Once you reach the line containing "ORIGINAL WAYFARER WASHED" in the entries below, write out that line and each one after it down to the line containing "Шкаф двухстворчатый Odri", exactly and with nothing added.

[Data for the task]:
========
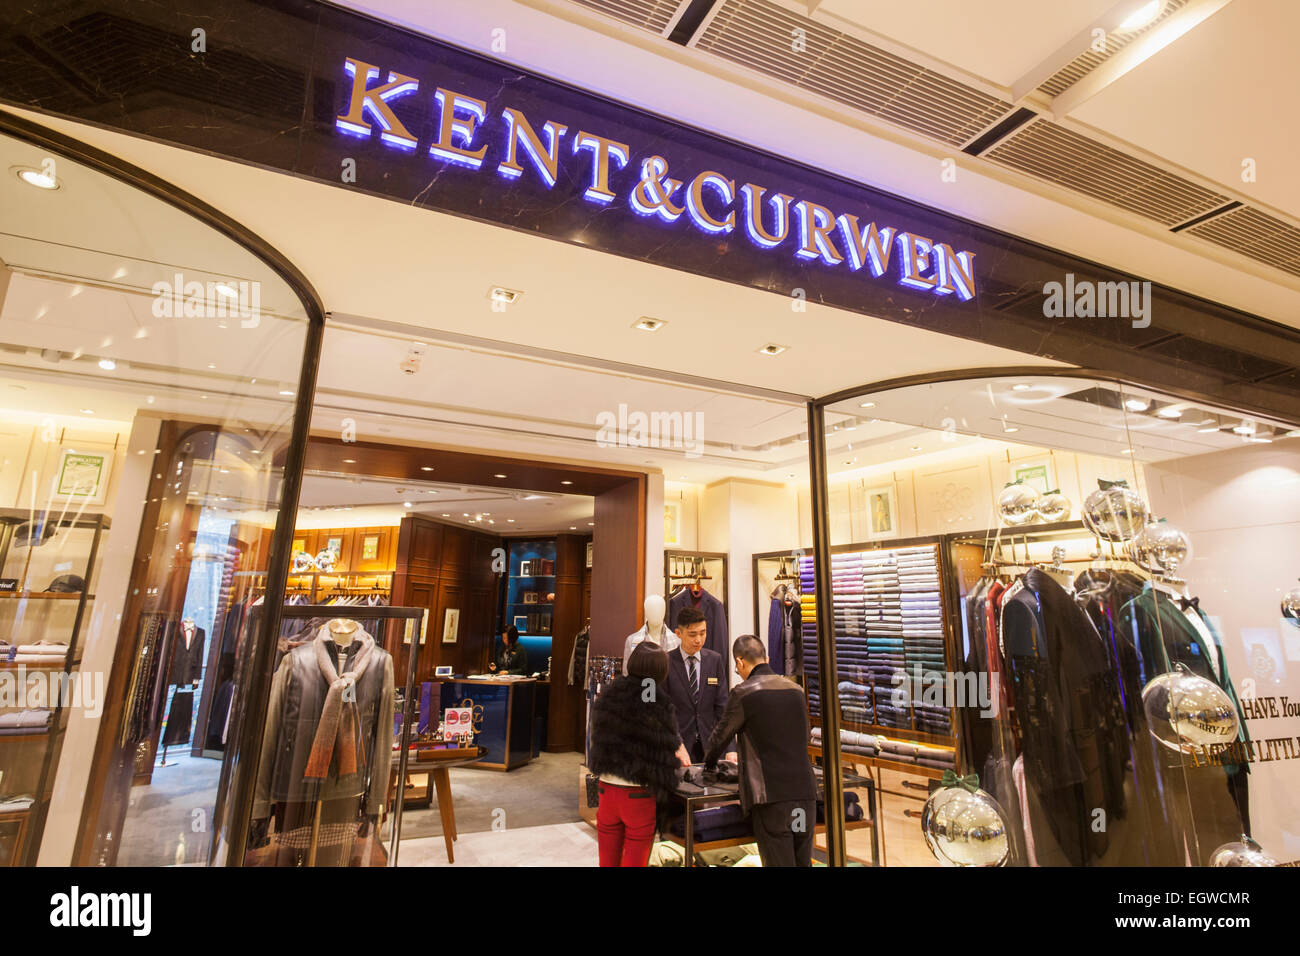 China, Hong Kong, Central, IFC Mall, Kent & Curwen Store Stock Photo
========
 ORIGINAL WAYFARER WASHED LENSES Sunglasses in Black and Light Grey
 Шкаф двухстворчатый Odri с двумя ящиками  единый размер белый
========
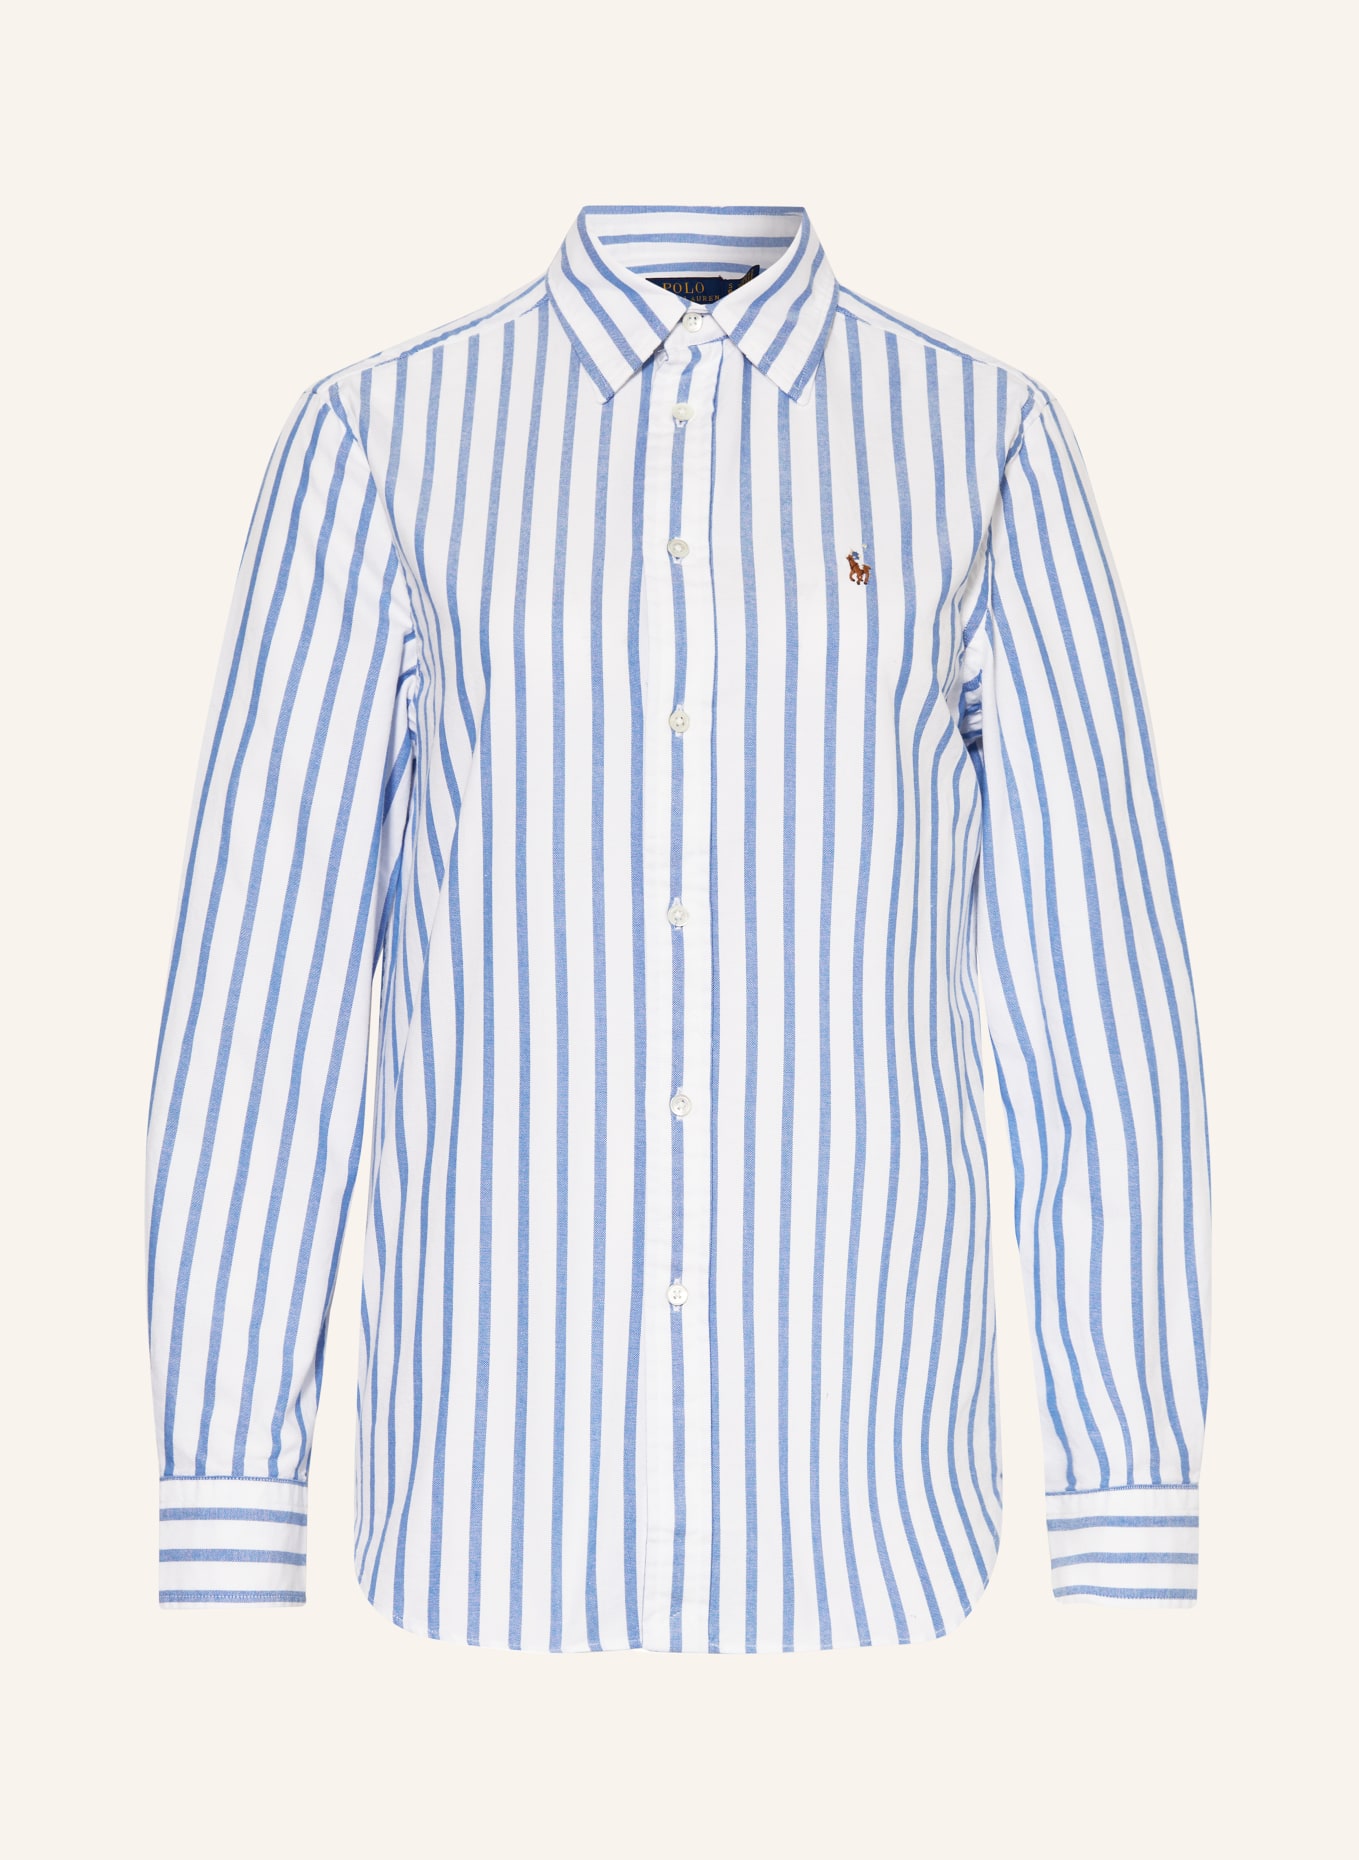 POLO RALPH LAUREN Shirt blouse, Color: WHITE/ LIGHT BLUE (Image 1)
========
[The answer]:
 ORIGINAL WAYFARER WASHED LENSES Sunglasses in Black and Light Grey
 Шкаф двухстворчатый Odri с двумя ящиками  единый размер белый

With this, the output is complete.